У меня проблемы с компиляцией этой модели.
Я пытаюсь реализовать VGG16, но я буду использовать пользовательскую функцию потерь.Целевая переменная имеет форму (?, 14, 14, 9, 6)
, где мы используем только двоичную кроссентропию на Y_train[:,:,:,:,0]
, а затем Y_train[:,:,:,:,1]
в качестве переключателя, чтобы эффективно отключить потерю, делая этот мини-пакет - остальные будут использоваться в отдельной ветвинейронной сети.Это проблема двоичной классификации в этой ветке, поэтому я хочу, чтобы выходные данные имели форму (?, 14, 14, 9, 1)
.
. Я перечислил свою ошибку ниже.Можете ли вы объяснить, во-первых, что происходит не так, а во-вторых, как решить эту проблему?
Код модели
img_input = Input(shape = (224,224,3))
x = Conv2D(64, (3, 3), activation='relu', padding='same', name='block1_conv1')(img_input)
x = Conv2D(64, (3, 3), activation='relu', padding='same', name='block1_conv2')(x)
x = MaxPooling2D((2, 2), strides=(2, 2), name='block1_pool')(x)
# # Block 2
x = Conv2D(128, (3, 3), activation='relu', padding='same', name='block2_conv1')(x)
x = Conv2D(128, (3, 3), activation='relu', padding='same', name='block2_conv2')(x)
x = MaxPooling2D((2, 2), strides=(2, 2), name='block2_pool')(x)
# Block 3
x = Conv2D(256, (3, 3), activation='relu', padding='same', name='block3_conv1')(x)

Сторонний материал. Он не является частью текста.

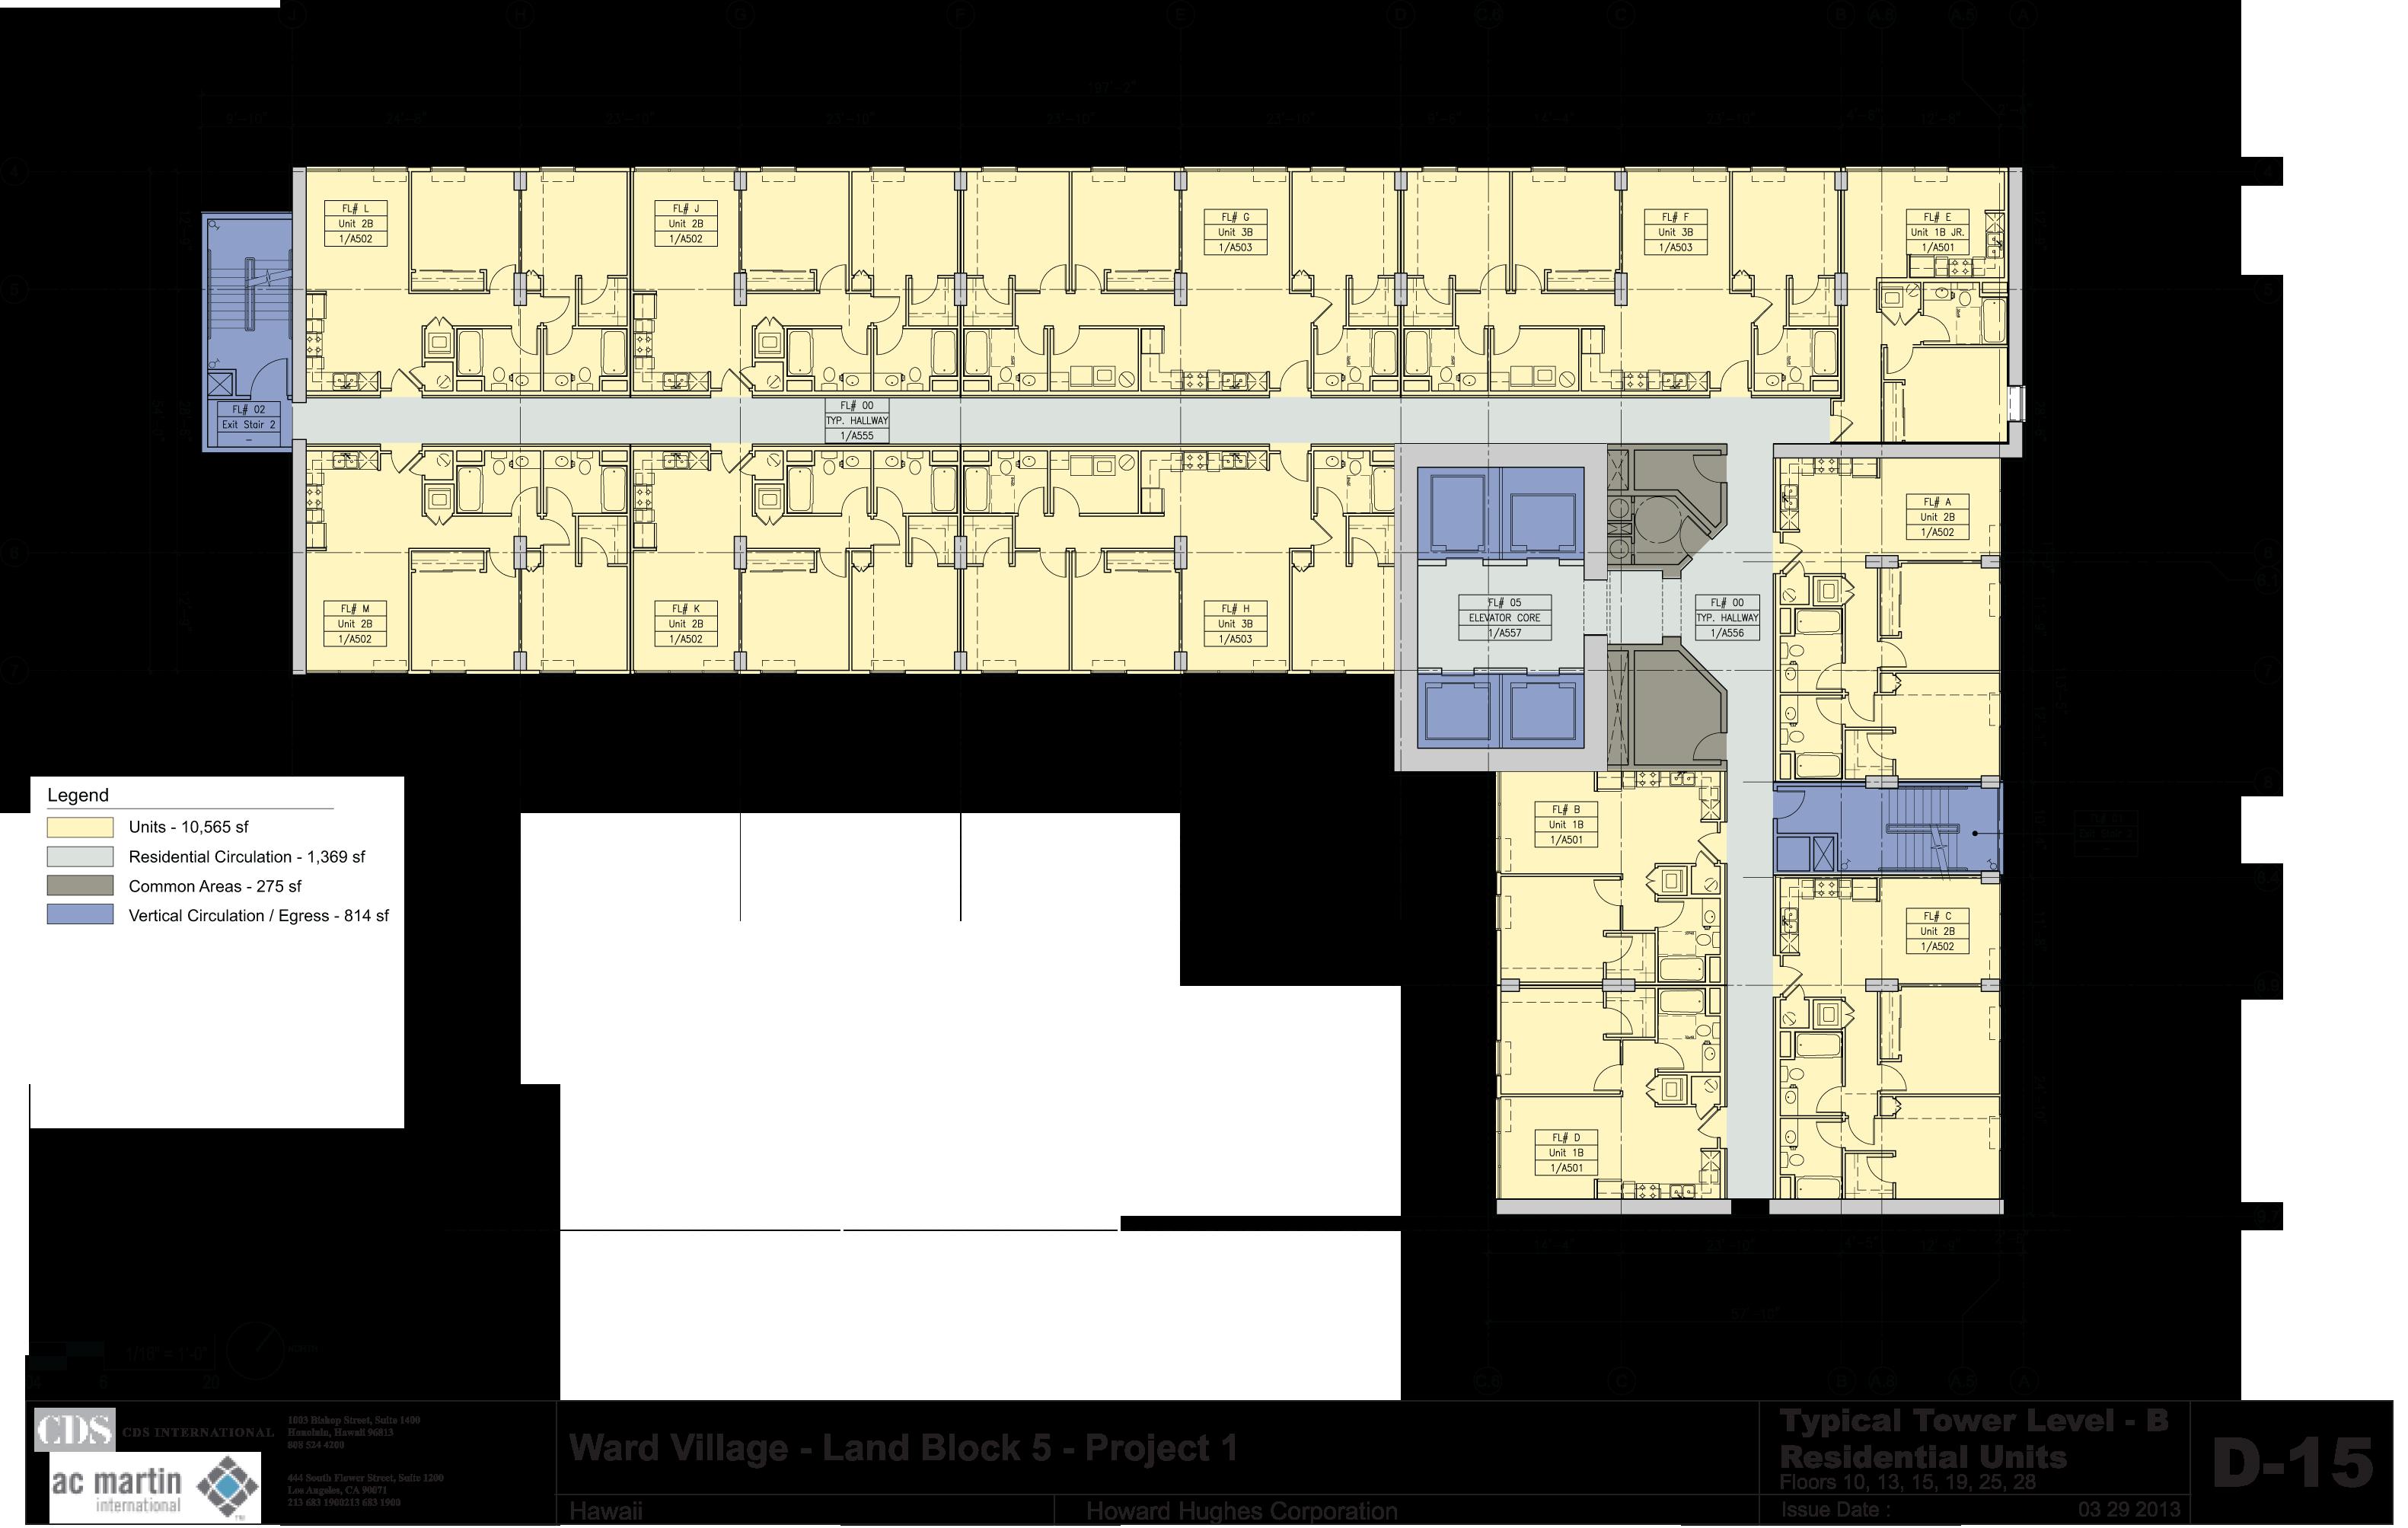 B Floors - 10,13,15,19,25,28
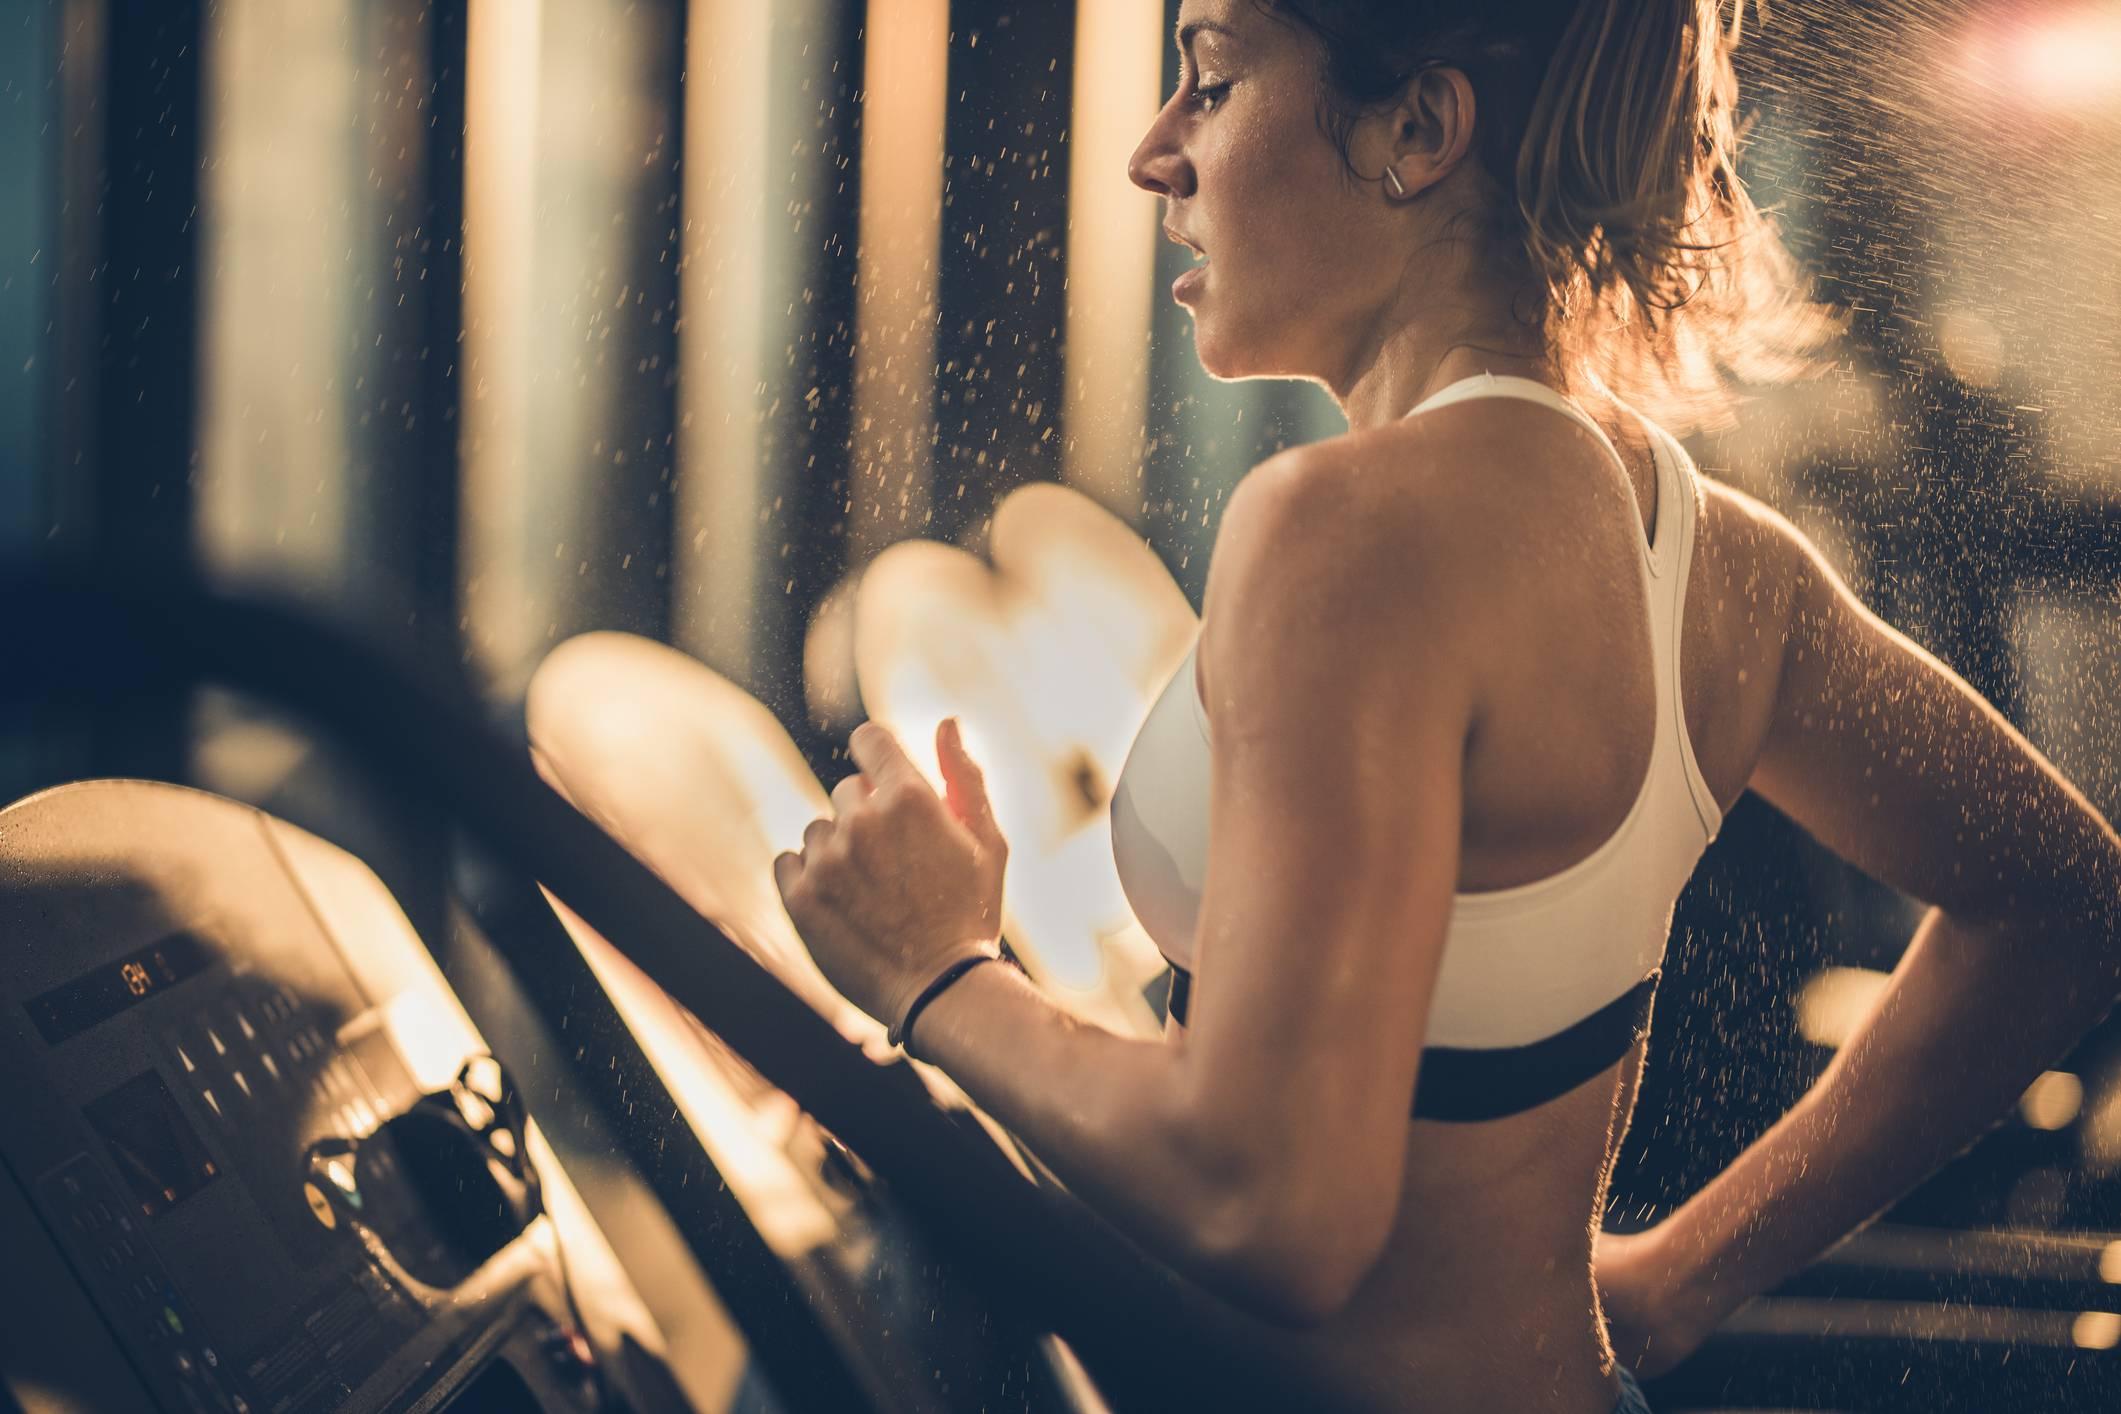 Dieta e sport binomio vincente: ecco tutte le istruzioni

x = Conv2D(256, (3, 3), activation='relu', padding='same', name='block3_conv2')(x)
x = Conv2D(256, (3, 3), activation='relu', padding='same', name='block3_conv3')(x)
x = MaxPooling2D((2, 2), strides=(2, 2), name='block3_pool')(x)
# # Block 4
x = Conv2D(512, (3, 3), activation='relu', padding='same', name='block4_conv1')(x)
x = Conv2D(512, (3, 3), activation='relu', padding='same', name='block4_conv2')(x)
x = Conv2D(512, (3, 3), activation='relu', padding='same', name='block4_conv3')(x)
x = MaxPooling2D((2, 2), strides=(2, 2), name='block4_pool')(x)
# # Block 5
x = Conv2D(512, (3, 3), activation='relu', padding='same', name='block5_conv1')(x)
x = Conv2D(512, (3, 3), activation='relu', padding='same', name='block5_conv2')(x)
x = Conv2D(512, (3, 3), activation='relu', padding='same', name='block5_conv3')(x)
x = Conv2D(512, (3, 3), padding='same', activation='relu', kernel_initializer='normal', name='rpn_conv1')(x)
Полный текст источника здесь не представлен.